» Materials provided
%%

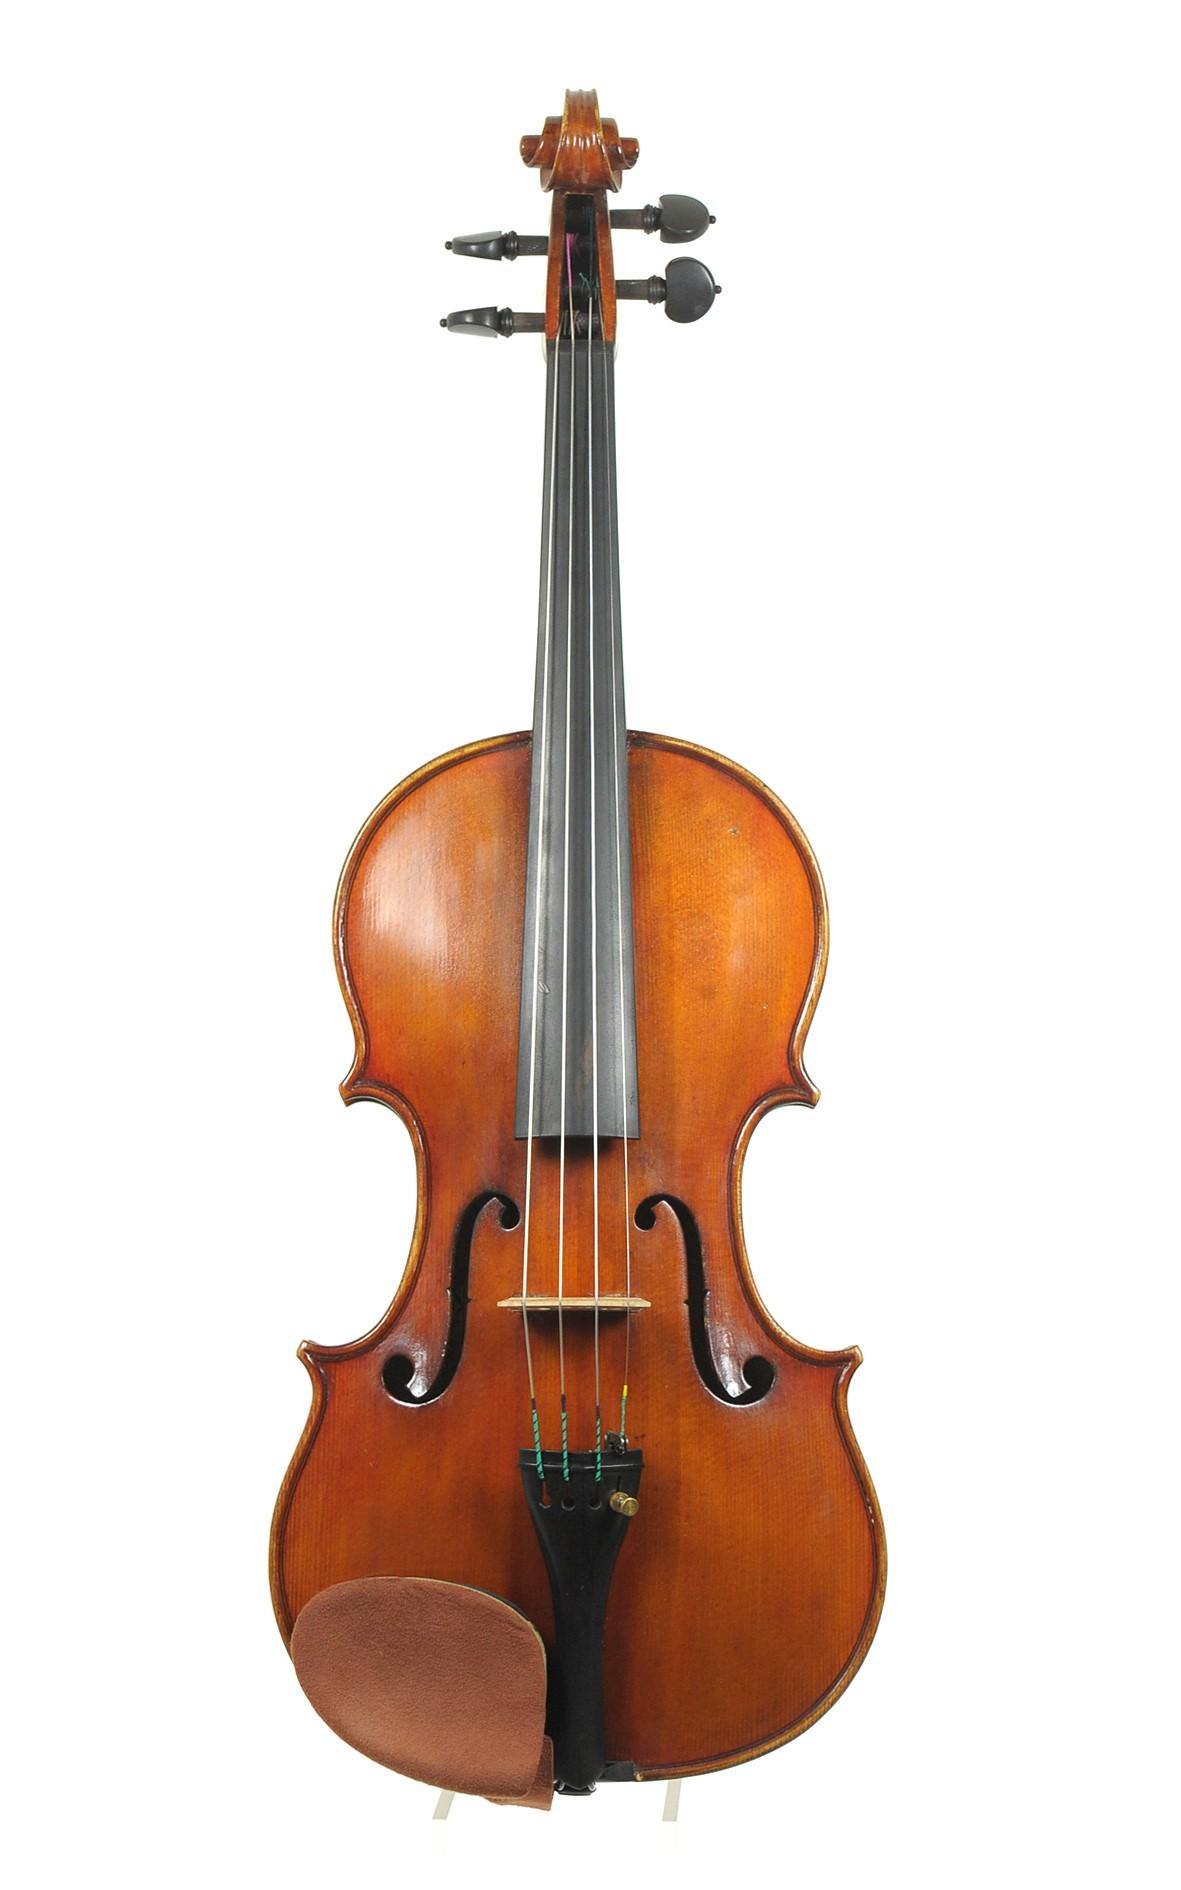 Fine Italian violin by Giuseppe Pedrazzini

%%
%%

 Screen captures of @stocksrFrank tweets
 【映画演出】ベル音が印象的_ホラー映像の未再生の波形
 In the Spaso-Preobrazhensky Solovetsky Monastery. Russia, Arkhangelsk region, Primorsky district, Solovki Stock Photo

%%

» What is needed
In the records above, find the line with "Screen captures of @stocksrFrank tweets"; write out exactly that line and each one after it, stopping after the line with "In the Spaso-Preobrazhensky".

» Answer to the problem
 Screen captures of @stocksrFrank tweets
 【映画演出】ベル音が印象的_ホラー映像の未再生の波形
 In the Spaso-Preobrazhensky Solovetsky Monastery. Russia, Arkhangelsk region, Primorsky district, Solovki Stock Photo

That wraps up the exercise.